• **What you need to do**
Would you reproduce exactly, and only, the lines starting at the one with "Coming over the river into Portland" and ending at the last line of the data, with both included? Leave the pictures out.

• **Source material**
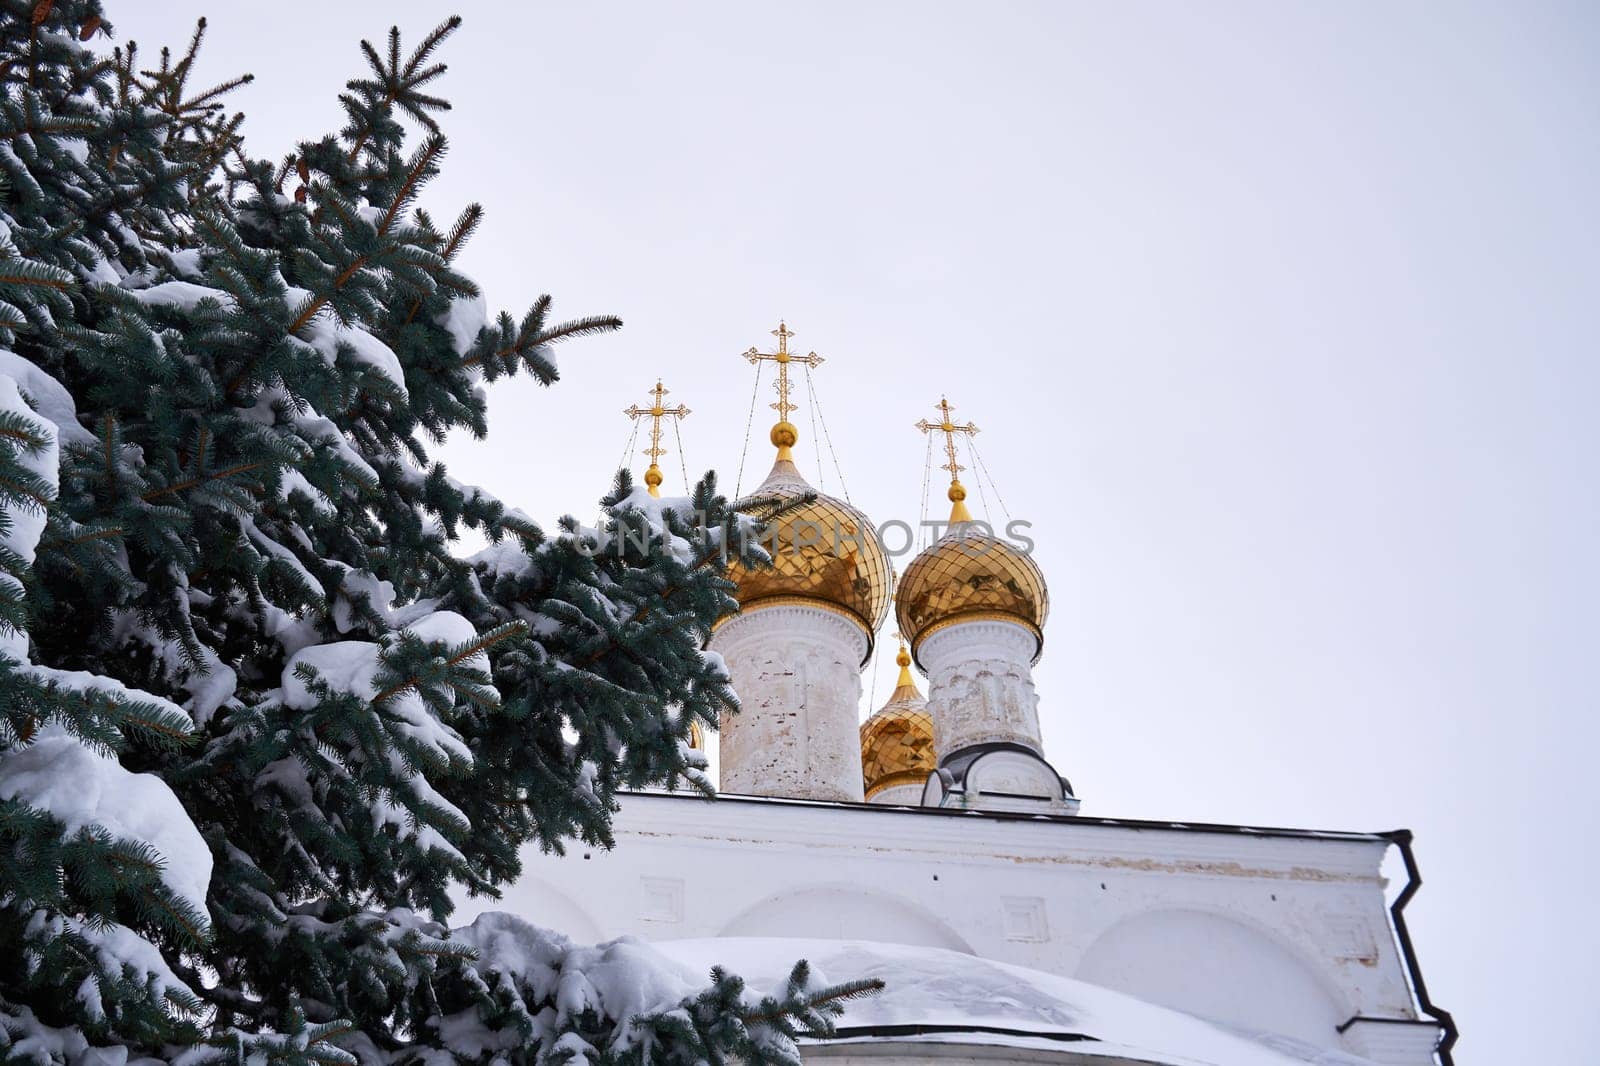 Fir branches covered with snow against the backdrop of an Orthodox Russian church with golden domes
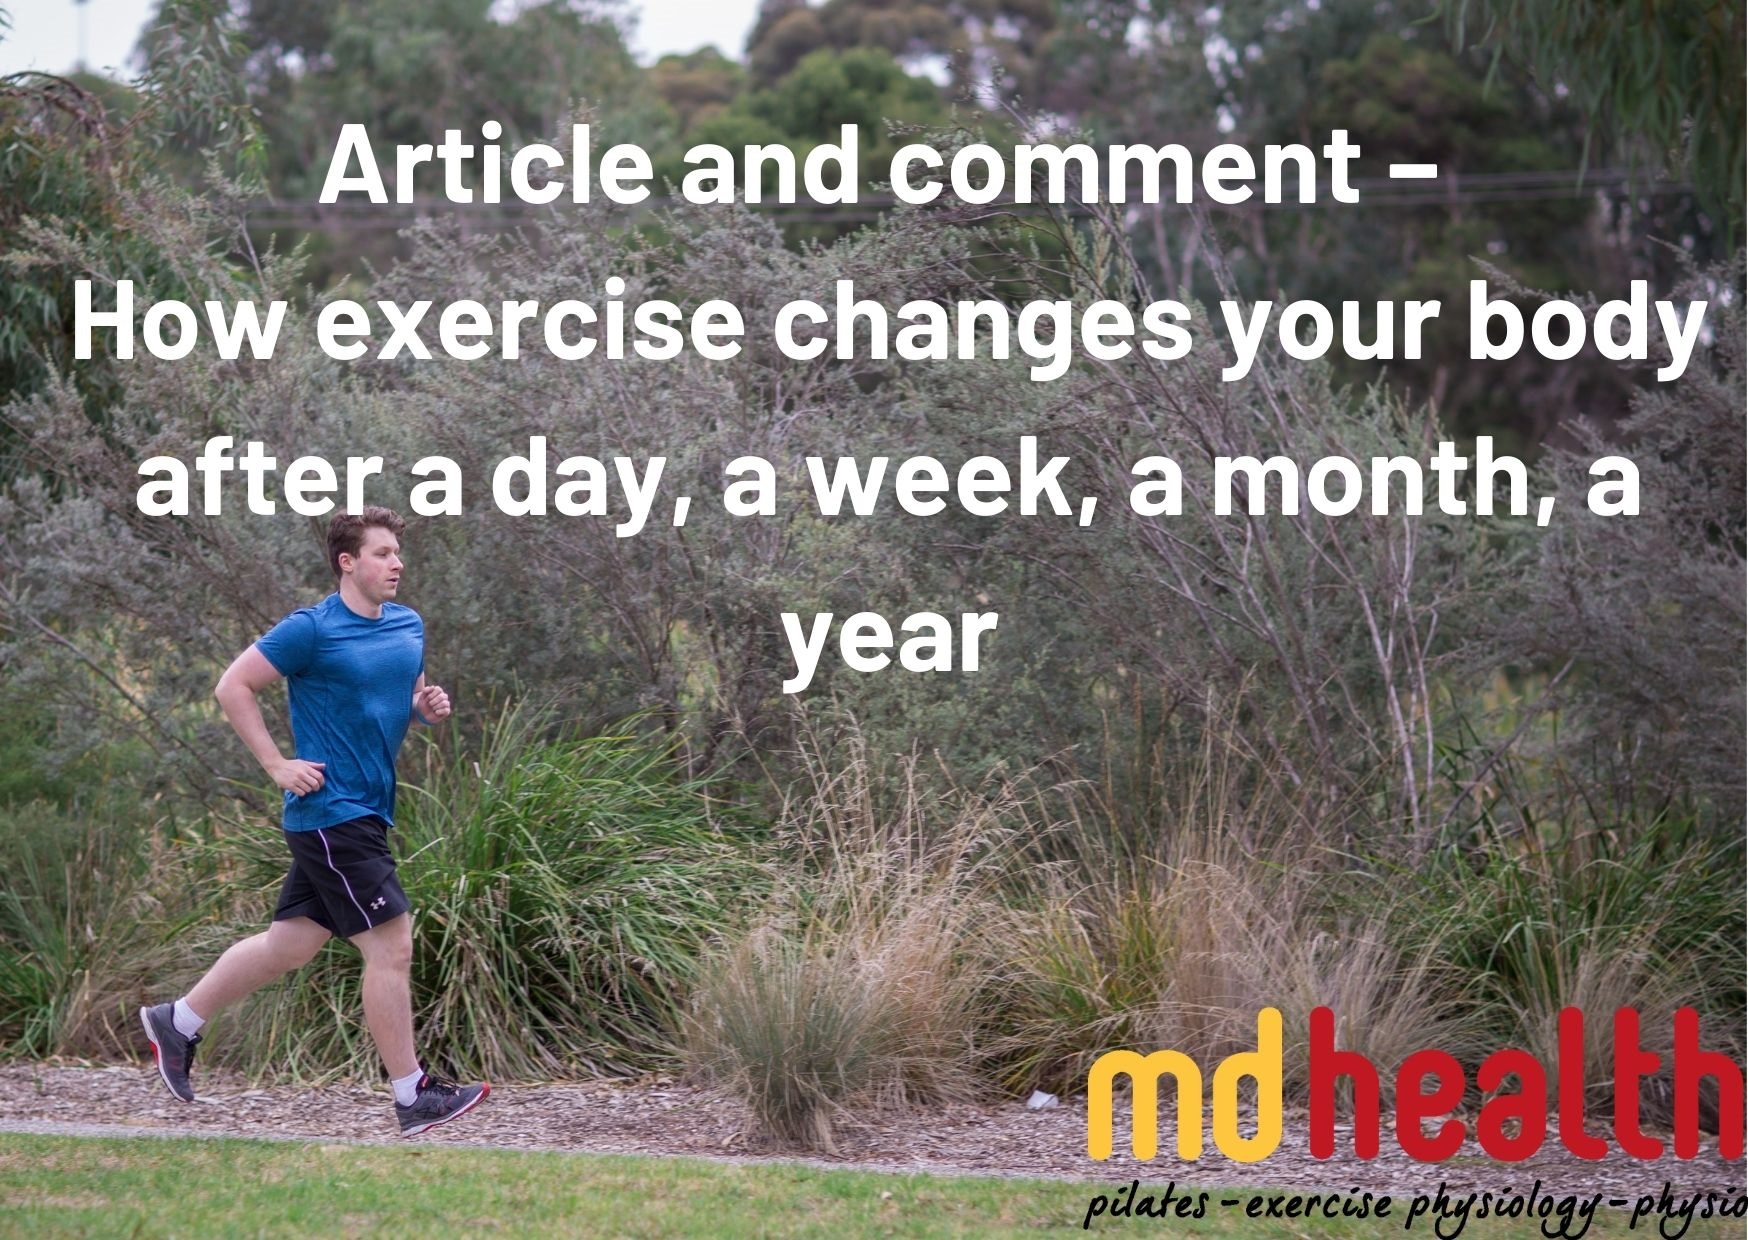 How Exercise Changes Your Body After a Day, a Week, a Month, a
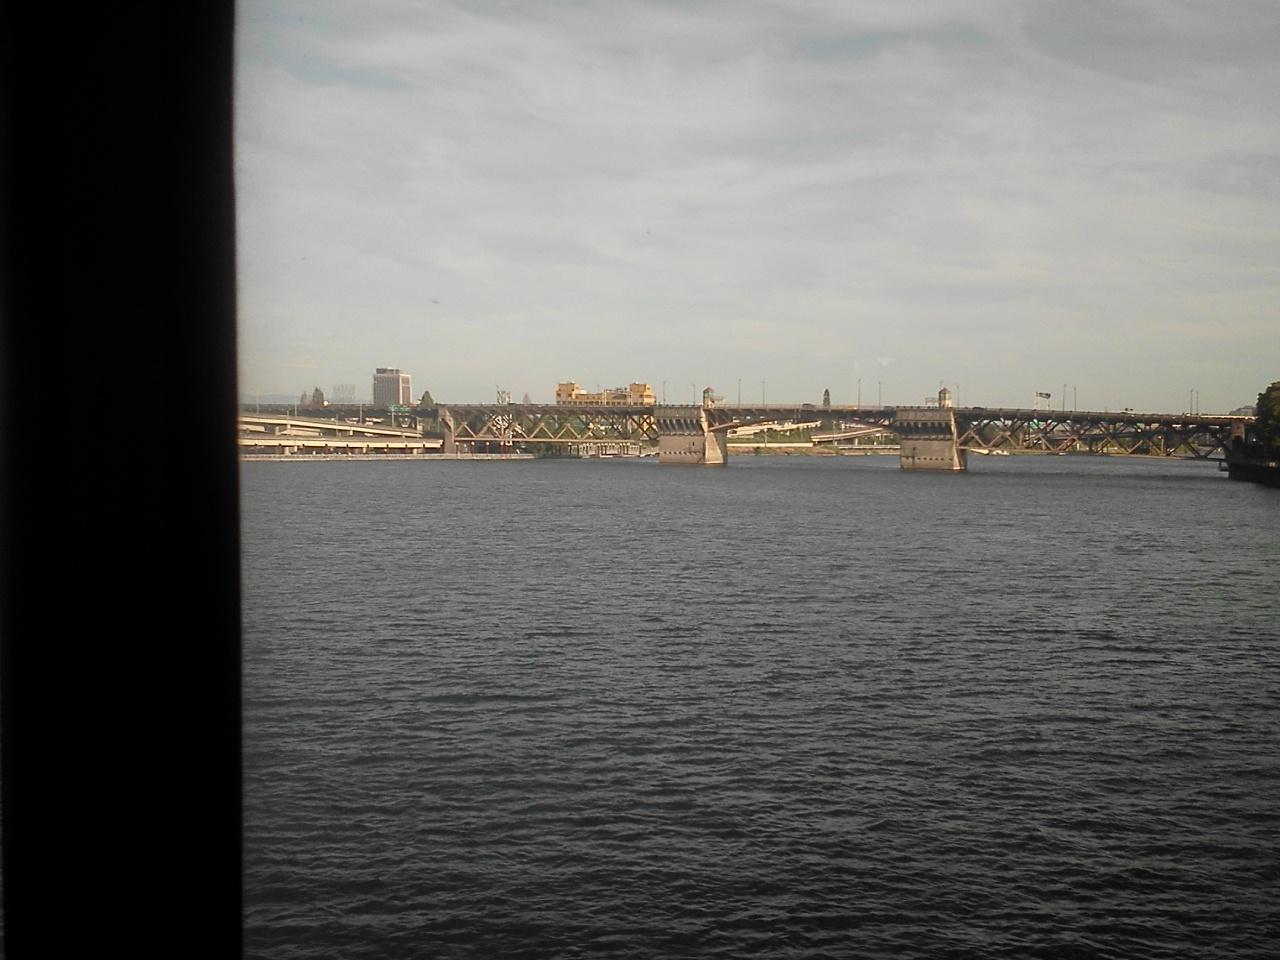 Coming over the river into Portland
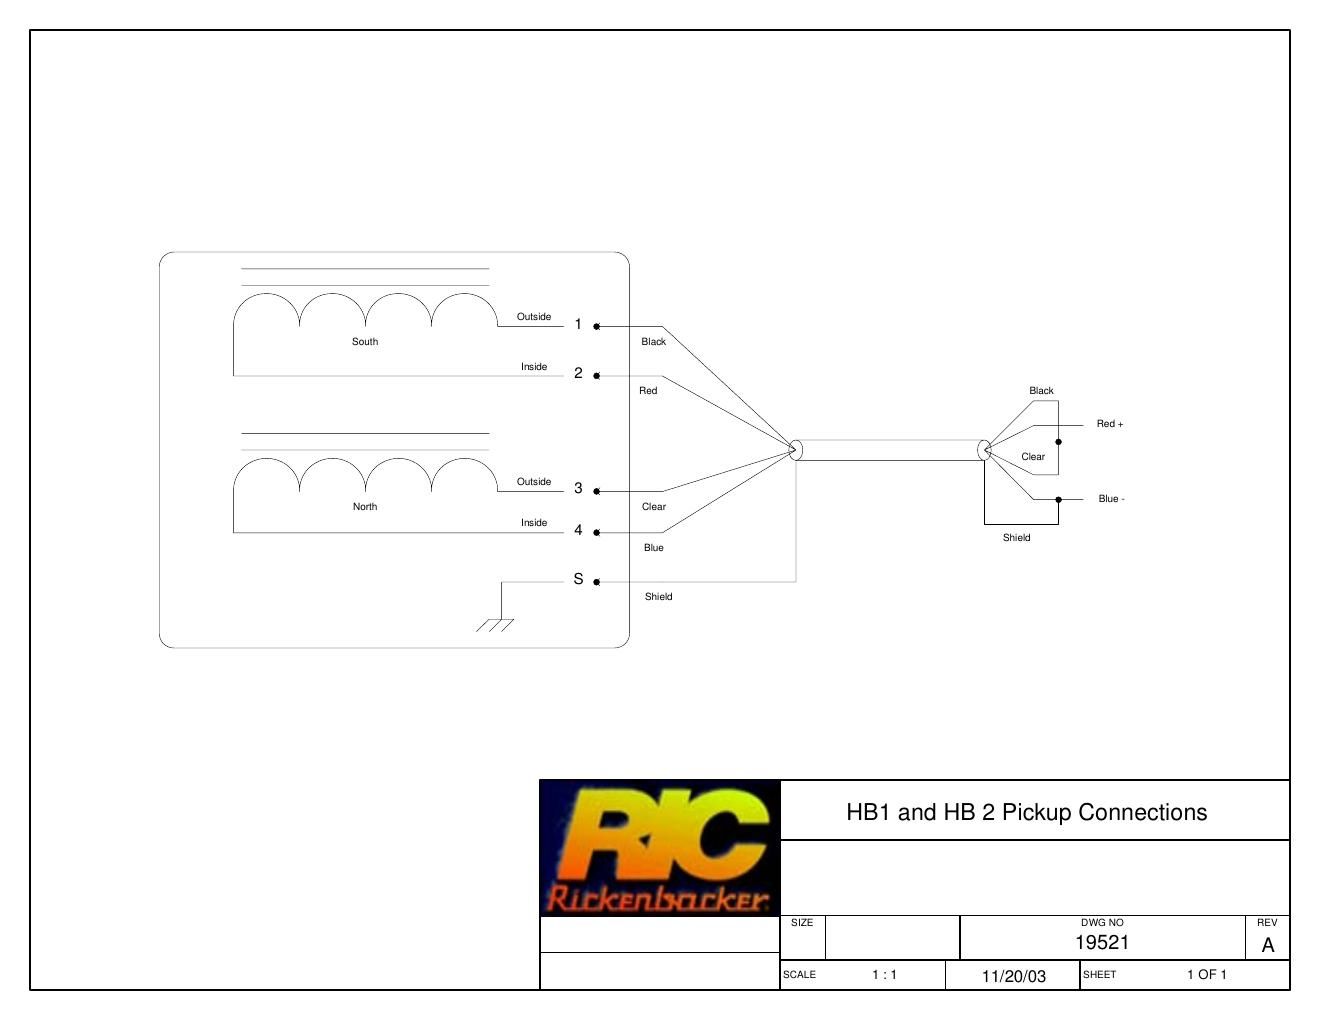 rickenbacker hb 1 hb 2 pickup connections diagram

• **Output for this task**
 Coming over the river into Portland
 rickenbacker hb 1 hb 2 pickup connections diagram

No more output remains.